A precondition for understanding the economics of storage is to appreciate the significance of both the frequency of the charge/discharge cycle and the scale involved. It’s often widely assumed by commentators that solutions are simply a matter of advancing battery technology, thus reducing the cost per kWh stored of battery capacity, together with more pumped hydro storage facilities. Batteries, plus pumped hydro and a few other technologies for short term storage at similar cost, together with measures to persuade consumers to spread their loads, are likely to be sufficient to managing short term balancing and the average within the day mismatches between consumer demand and variability in renewable supply.
But these are not not nearly adequate for a renewables based system of the nature currently envisaged for the UK. One reason is the frequency or infrequency of the charging/ energy release cycles. It is relatively easy to justify £ 75-100 per kWh of storage capacity for a battery, or a similar capital investment in pumped storage, when there is a daily or more frequent charging cycle and the fixed cost of the capital investment is therefore spread over up to 365 days a year. This is not the case for seasonal storage, or, for provision against extreme weather events. With an annual or less frequent cycles for a single charge and discharge, such a high capital cost is unaffordable.
The other factor is scale. The scale of summer/winter compared to daily imbalances is an order of magnitude greater, up to 2000 times greater than daily imbalances, although for the UK this can be substantially reduced with the right mix of wind (winter) and solar (summer) renewables. The bigger issue is weather variability. This goes well beyond daily volatility and including both “wind droughts” that can last a couple of weeks and very substantial multi-year variations.
This scale necessitates much lower capital cost storage solutions, even if the “round trip” energy conversions are less energy efficient than batteries. On current knowledge this implies some form of chemical, thermal or large scale compressed air storage (ACAES). “Green” hydrogen produced by electrolysis is currently seen as the leading option, and the working hypothesis in the study for the Royal Society.
Renewables generation in the UK is currently based mainly around wind and solar, and their weather dependent nature largely defines storage requirements. Most significant are “extreme” weather events, such as an extended “wind drought” when the wind is not blowing anywhere in Northern Europe, and big variations driven by the North Atlantic Oscillation in annual renewables output – years with less sun or less wind.

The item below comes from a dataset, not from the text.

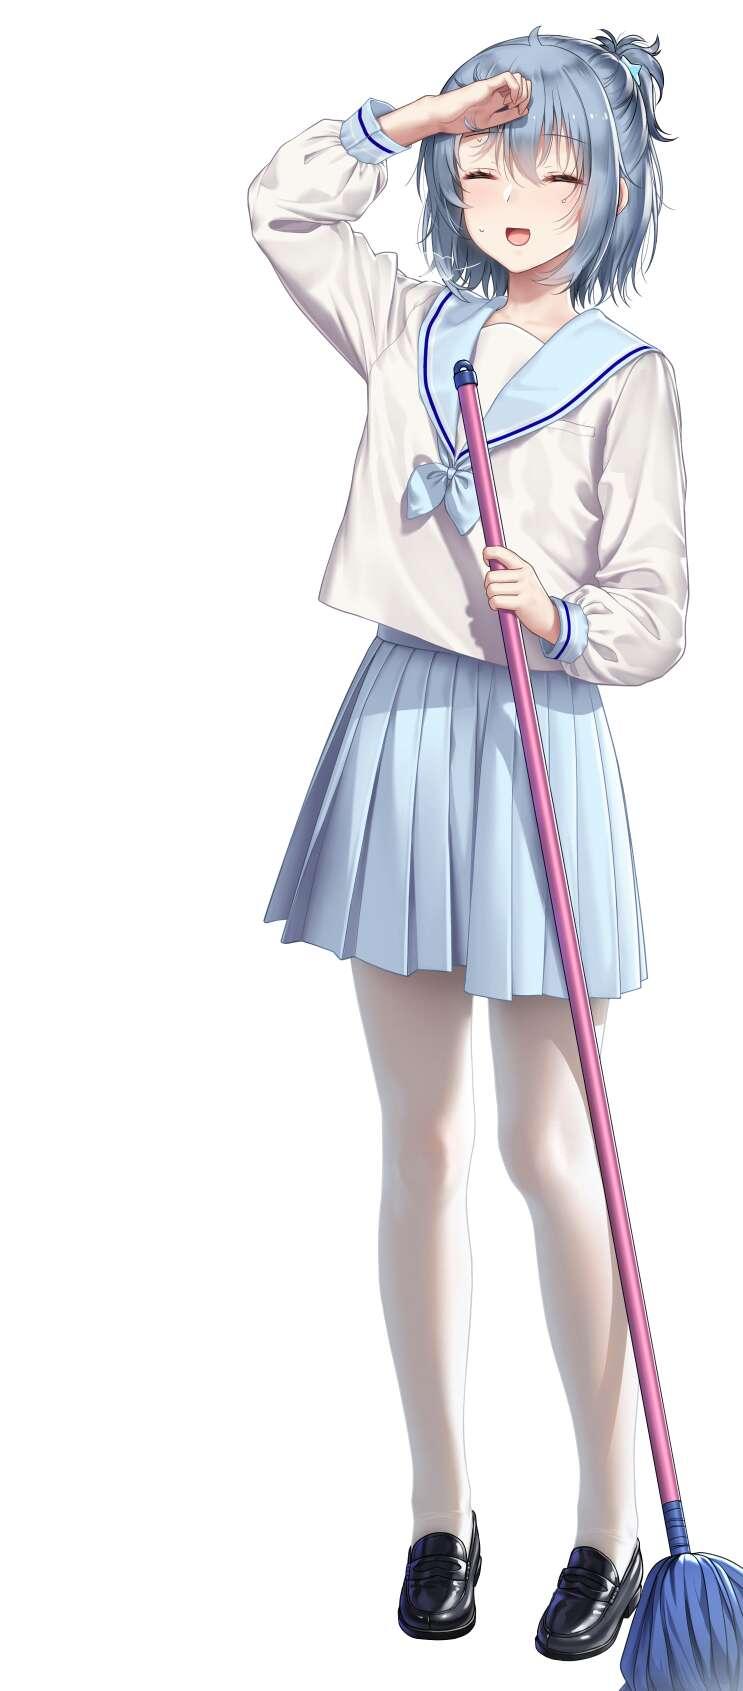 【图片】分享一张图,韩国校园百合漫画图片大全-小柚妹站

This highlights the importance of meteorological data. Substantial variations in annual output, and sustained deviations from average, mean that looking at just a few years of data does not reveal the scale of the problem. Llewellyn Smith uses “middle of the road” projections for consumer load, and “real weather” meteorological data over 37 years for his assessments, though expert meteorological opinion is that even this may not be enough to capture extreme events. In itself this is an important observation and is compounded by uncertainties over the future impact of climate change on UK weather.
Importance of the right mix of renewables
A first, and surprising, result is that, for the UK, and at least with projections of current load patterns, the need for storage is dominated by weather volatility not (as often asserted) by seasonality per se. In other words what matters is extreme weather or unusual weather patterns, eg two or three weeks of no wind or whole years with poor renewables output.
Typical or “average” seasonal storage requirements could actually be largely managed by having the right mix of wind and solar, with an 80/20 wind solar split as one feasible option on the basis of the particular assumptions in the study.
However one of the findings of the study is that even the seasonal imbalances between summer and winter can vary substantially from year to year, reinforcing both the need for much more concentration on weather volatility, and the conclusions on the need for substantial long term storage provision.
Exactly how much storage is required will also be an economic choice based inter alia on the relative costs of storage and renewables capacity, and on conversion capital costs and efficiencies, but initial indications suggest numbers in the range 130- 200 TWh, serviced by 80-120 GW of electrolysers. The TWh of energy storage is very substantially higher than simply seasonal balancing needs, and represents over half total current annual consumption, while the electrolyser capacity in GW comfortably exceeds current peak demand.
The result demonstrates the system importance of managing the mix of weather dependent renewables. Bringing baseload nuclear power and fossil generation with carbon capture into the choice of technologies also offers further options, but at least for a system with substantial renewables content, the analysis has essentially similar characteristics with respect to storage investment choices.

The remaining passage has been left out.